Tensorflow¶
[1]:
%matplotlib inline
[2]:
import warnings
warnings.simplefilter('ignore', RuntimeWarning)
[3]:
import matplotlib.pyplot as plt
import pandas as pd
import numpy as np
import seaborn as sns
[4]:
import tensorflow as tf
import tensorflow.keras as keras
Keras¶
[5]:
Dense = keras.layers.Dense
We can consider a DL model as just a black box with a bunch of unnown parameters.

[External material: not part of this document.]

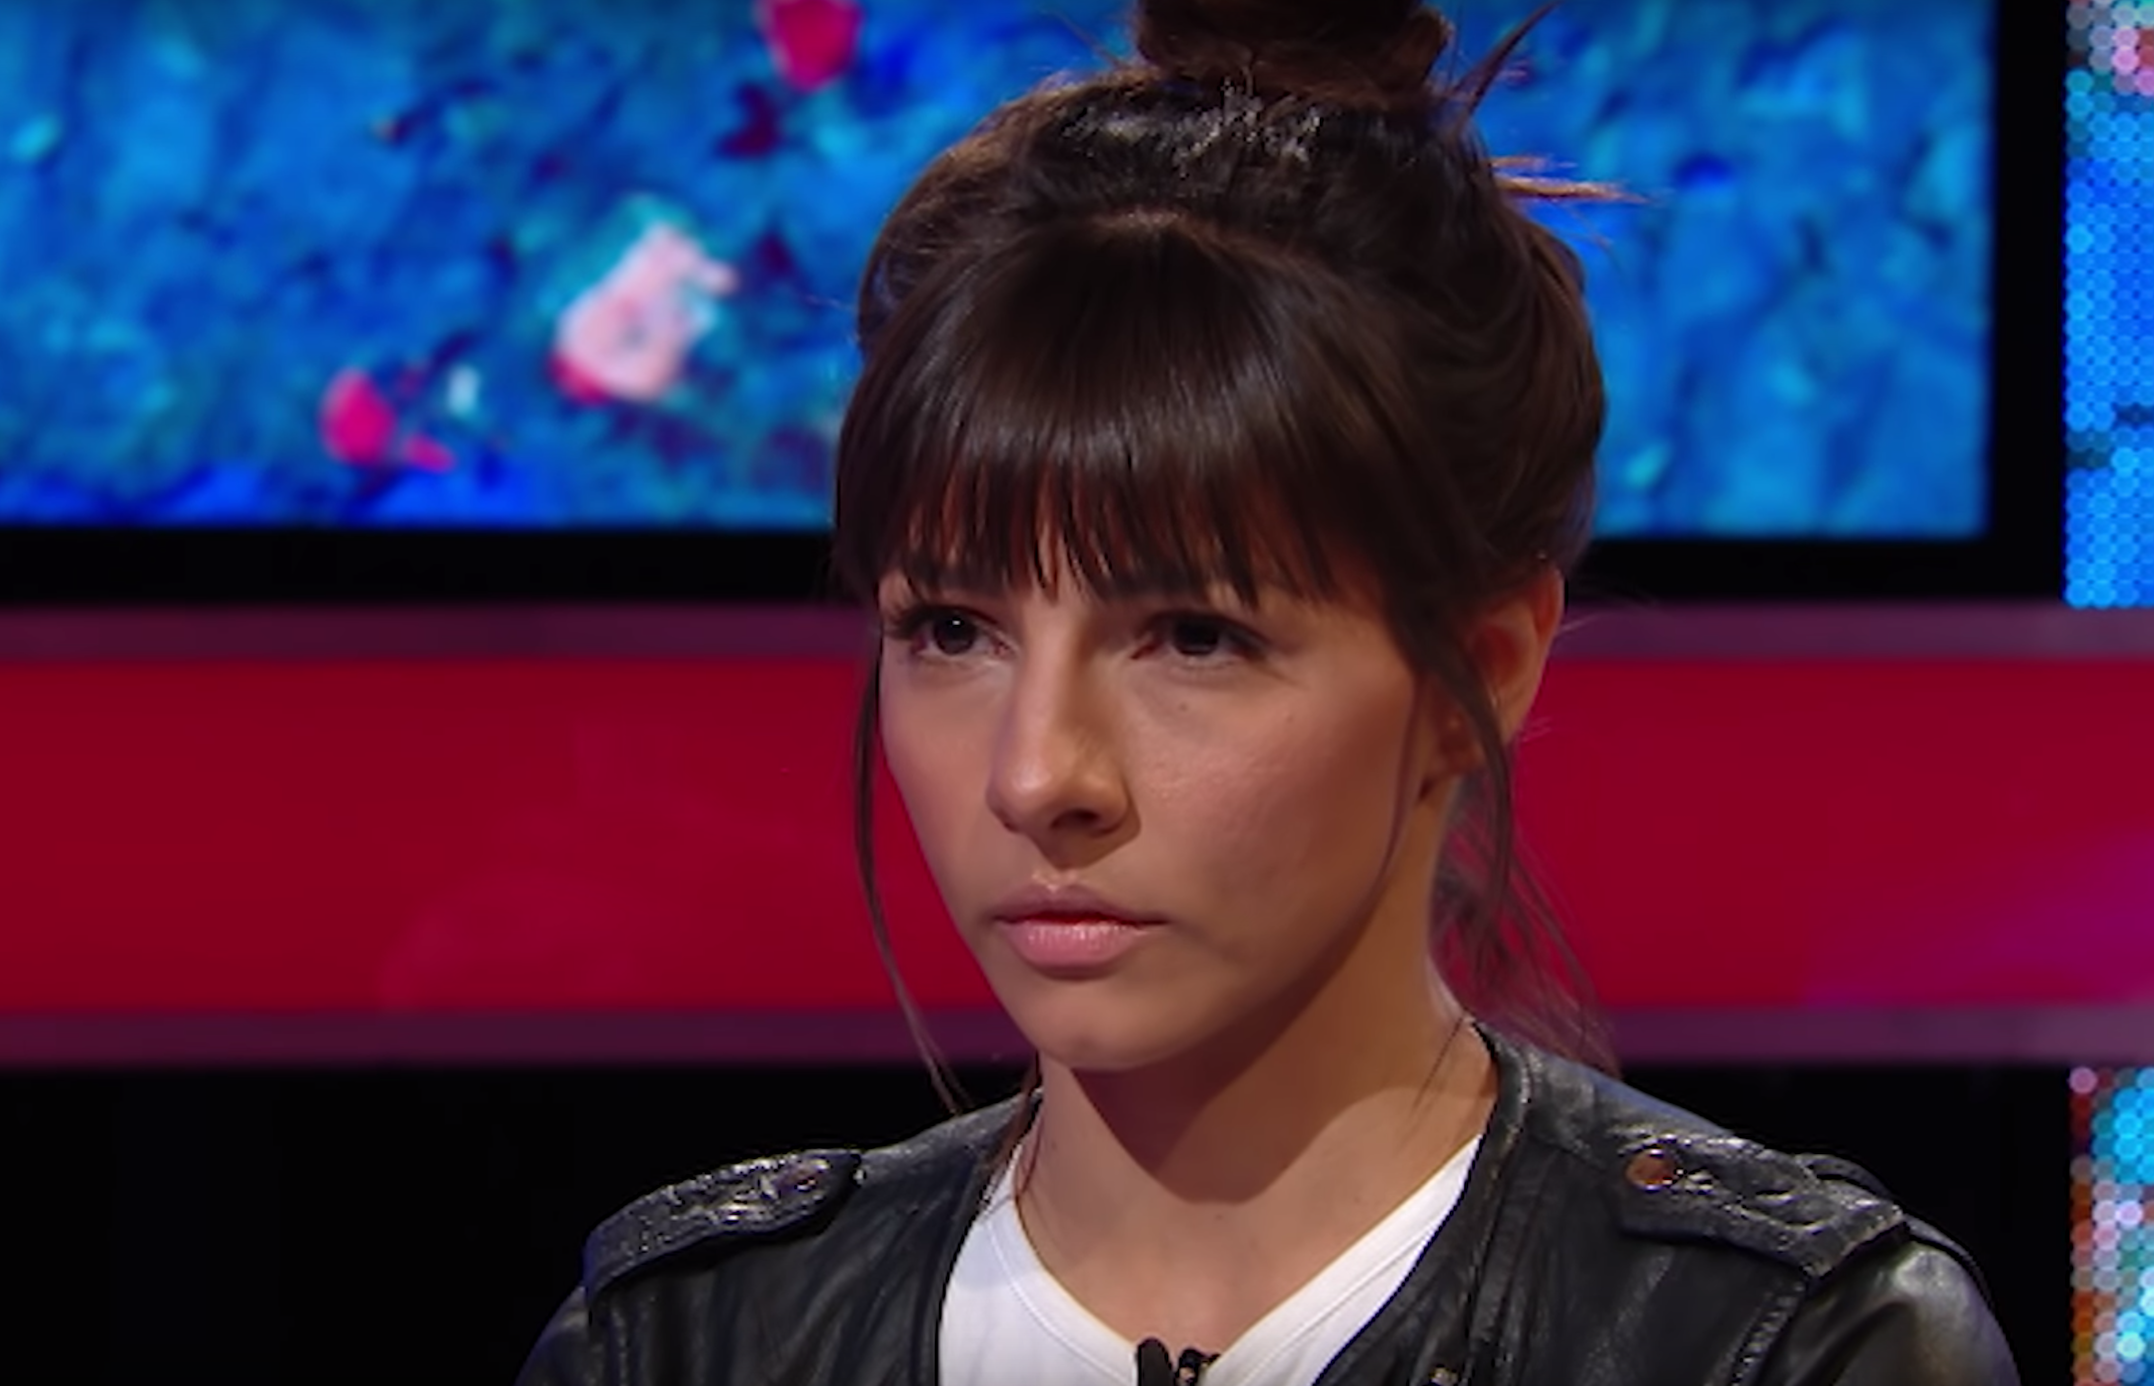 Roxanne Pallett hails Piers Morgan as her 'saviour' as ex CBB star reveals friendship

For example, when the output is a Dense layer with just one node, the entire network model is just doing some form of regression. If we use a single node with a sigmoid activation function, the model is essentially doing logistic regression.
A single unit with sigmoid activation function¶
[6]:
X_train = pd.read_csv('data/X_train.csv')
X_test = pd.read_csv('data/X_test.csv')
y_train = pd.read_csv('data/y_train.csv')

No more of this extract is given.